Now that we have some values stored in a vector, we may want to access those values and we can do this by using their position in the vector or index.
v1[1]
## [1] 1
v1[5]
## [1] 5
v1[-1]
## [1] 2 3 4 5 6 7 8 9 10
v1[c(2, 7)]
## [1] 2 7
v1[-c(2, 7)]
## [1] 1 3 4 5 6 8 9 10
v1[1:3]
## [1] 1 2 3
v1[-(1:3)]
## [1] 4 5 6 7 8 9 10
You may also want to get some overall information about the vector:
what types of values are in v1
?
str(v1)
## num [1:10] 1 2 3 4 5 6 7 8 9 10
summary(v1)
## Min. 1st Qu. Median Mean 3rd Qu. Max.
## 1.00 3.25 5.50 5.50 7.75 10.00
how long is v1
?
length(v1)
## [1] 10
what is the average of all these values?
mean(v1)
## [1] 5.5
what is the standard deviation of all these values?
sd(v1)
## [1] 3.02765
Earlier we created v1
by simply listing all the elements in it and usingc()

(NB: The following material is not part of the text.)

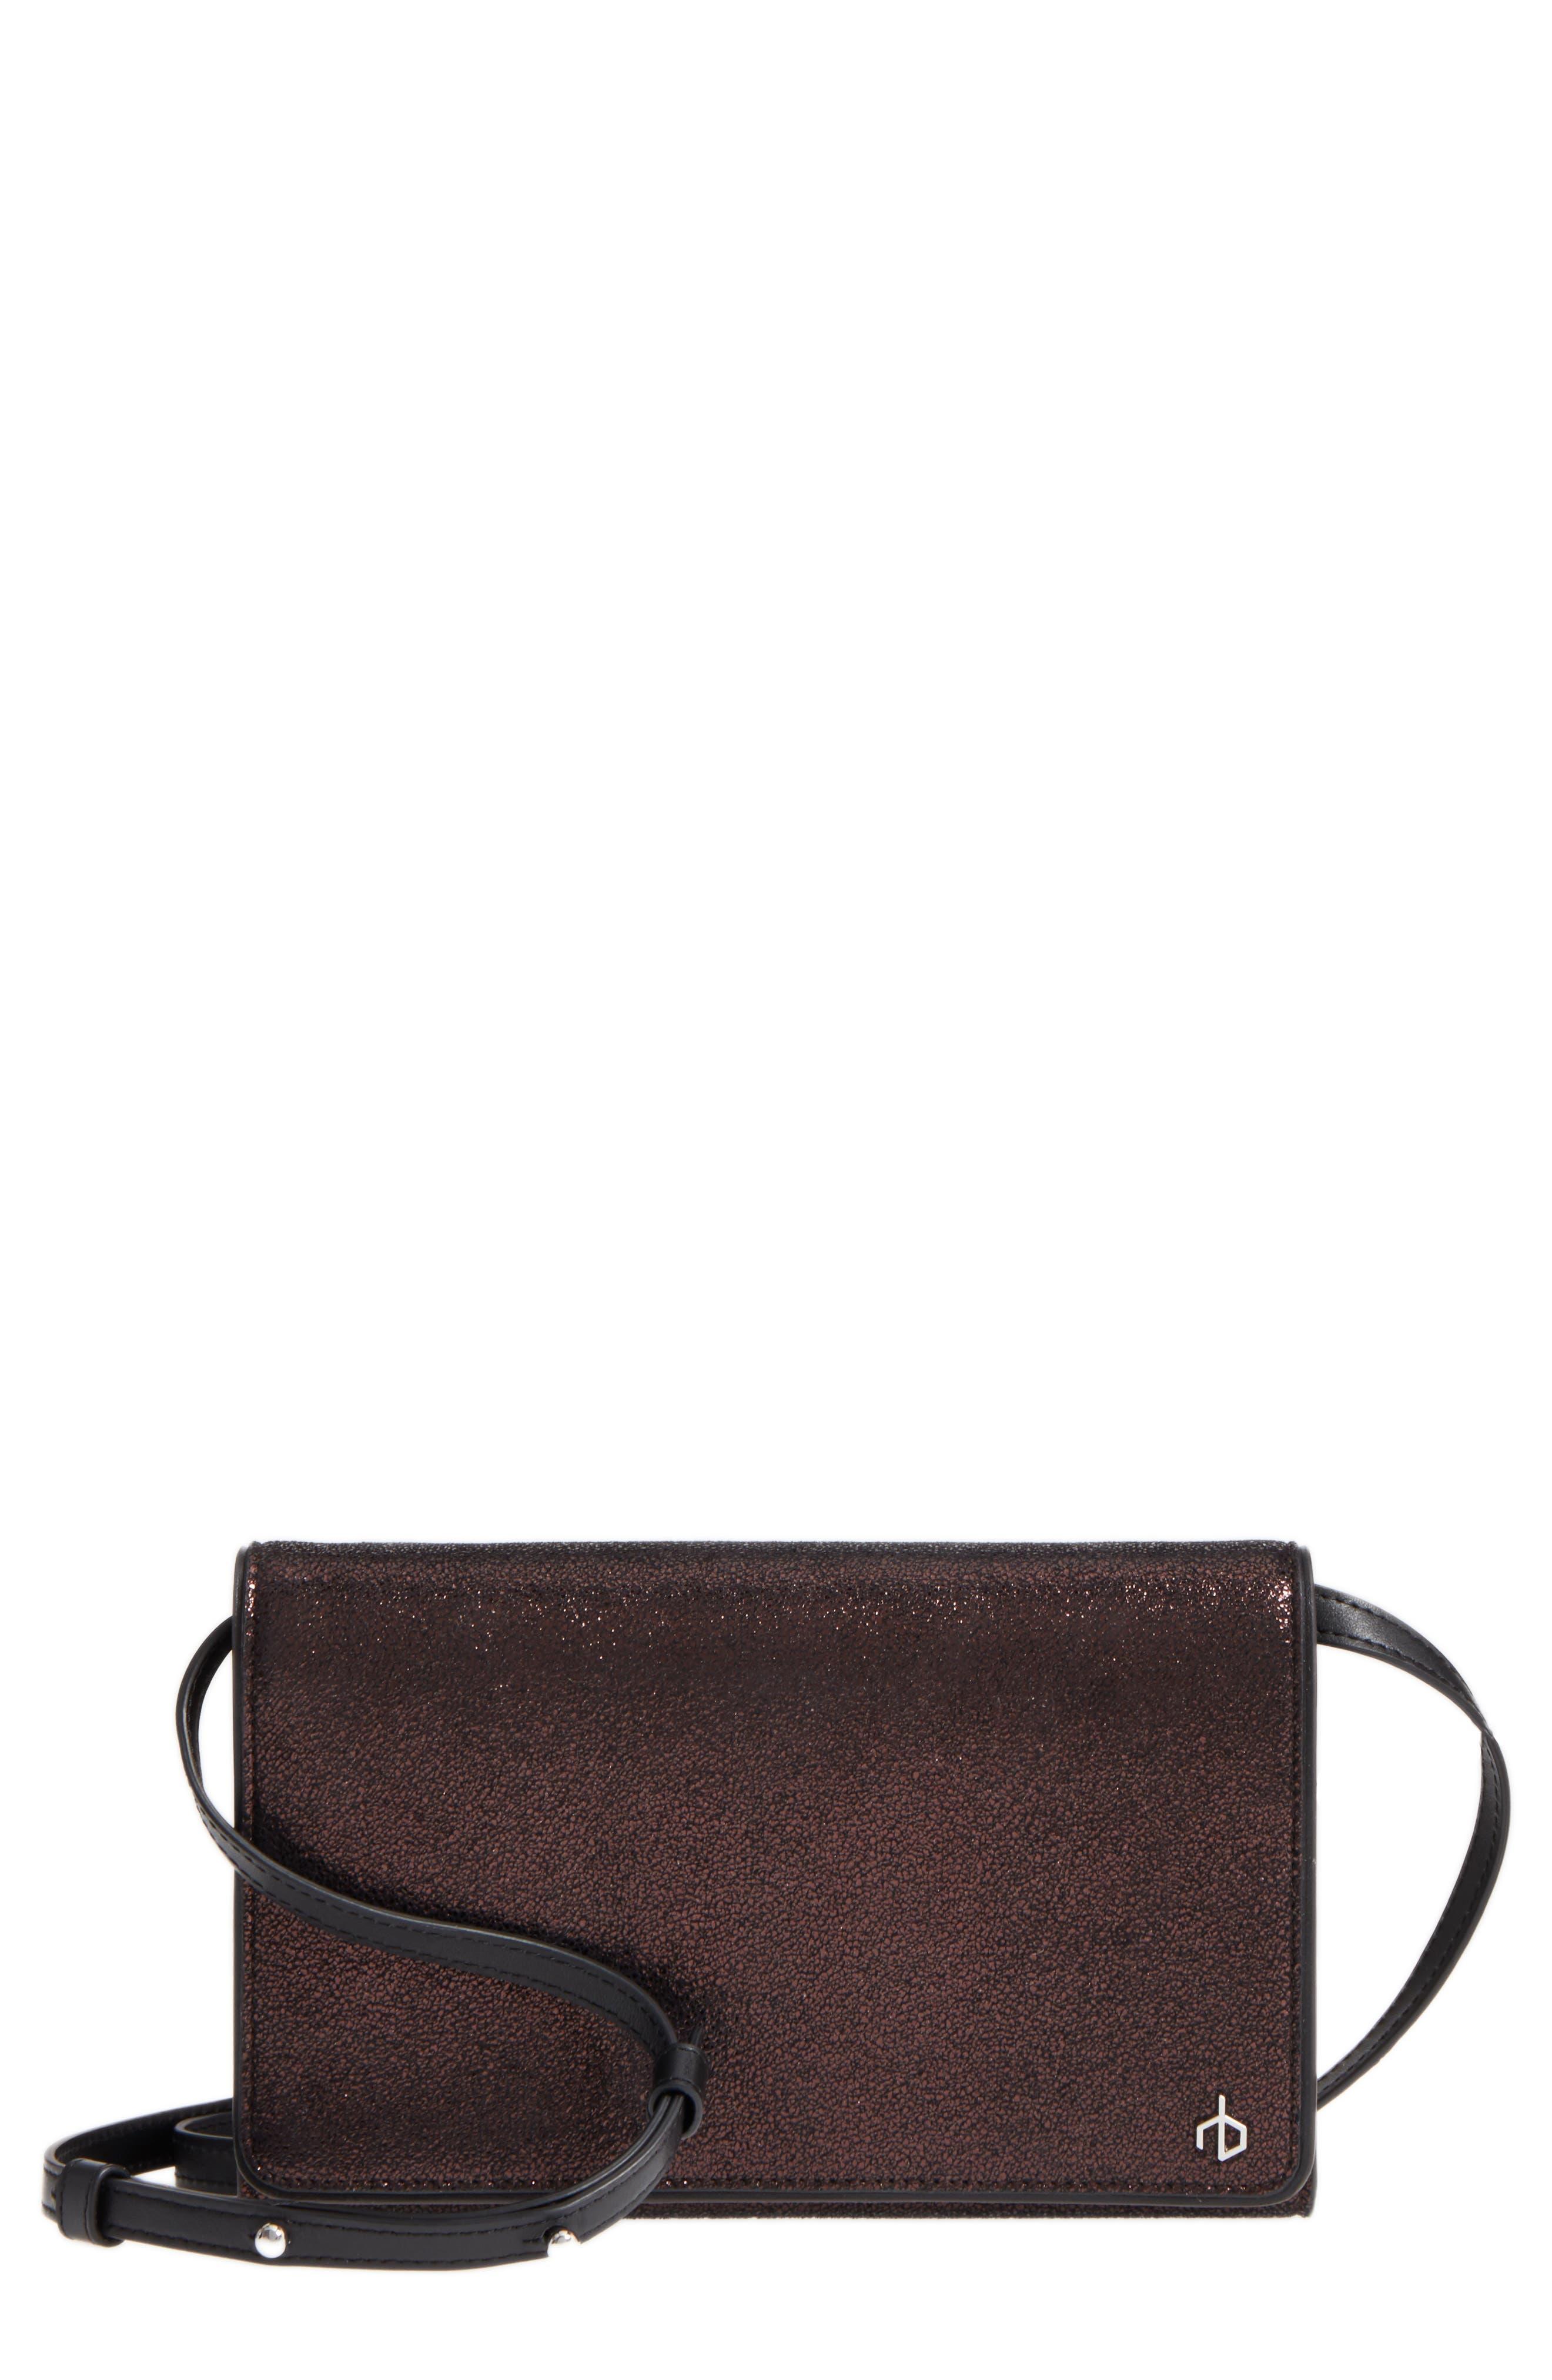 Metallic Leather Crossbody Wallet,                         Main,                         color, Copper

but if you have lots of values, this is very tedious. There are some functions that can help make vectors more efficiently
v2 <- (1:10)
v2
## [1] 1 2 3 4 5 6 7 8 9 10
v3 <- rep(x = 1, times = 10)
v3
## [1] 1 1 1 1 1 1 1 1 1 1
v4 <- rep(1:2, 5)
v4
## [1] 1 2 1 2 1 2 1 2 1 2
v5 <- seq(from = 1, to = 20, by = 2)
v5
## [1] 1 3 5 7 9 11 13 15 17 19
Note that for v4, I didn’t include the names of the arguments but R figures out which is which by the order
You can also apply operations to all elements of the vector simultaneously.
v1 + 1
## [1] 2 3 4 5 6 7 8 9 10 11
v1 * 100
## [1] 100 200 300 400 500 600 700 800 900 1000
You can also do pair-wise operations on 2 vectors.
v1 + v2
## [1] 2 4 6 8 10 12 14 16 18 20
So far we’ve looked at numeric variables and vectors, but they can also be strings
name <- "Rachel"
name
## [1] "Rachel"
friends <- c("Rachel", "Ross", "Joey", "Monica", "Chandler", "Phoebe")
friends
## [1] "Rachel" "Ross" "Joey" "Monica" "Chandler" "Phoebe"
str(friends)
## chr [1:6] "Rachel" "Ross" "Joey" "Monica" "Chandler" "Phoebe"
You can even store numbers as strings (and sometimes data you load from a file will be stored this way so watch out for that)
some_numbers <- c("2", "3", "4")
…but you can’t manipulate them as numbers
some_numbers + 1
So you might want to convert the strings into numbers first using as.numeric()
some_numbers <- as.numeric(some_numbers)
some_numbers + 1
## [1] 3 4 5
Another important datatype is NA. Say I’m storing people’s heights in inches in a dataframe, but I don’t have data on the third person.
heights <- c(72, 70, NA, 64)
str(heights)
## num [1:4] 72 70 NA 64
Even though it’s composed of letters, NA
is not a string, in this case it’s numeric, and represents a missing value, or an invalid value, or whatever. You can still perform operations on the height vector:
heights + 1
## [1] 73 71 NA 65
heights * 2
## [1] 144 140 NA 128
if you had an NA in a vector of strings, its datatype would be a character.
friends <- c("Rachel", NA, "Joey", "Monica", "Chandler", "Phoebe")
str(friends)
## chr [1:6] "Rachel" NA "Joey" "Monica" "Chandler" "Phoebe"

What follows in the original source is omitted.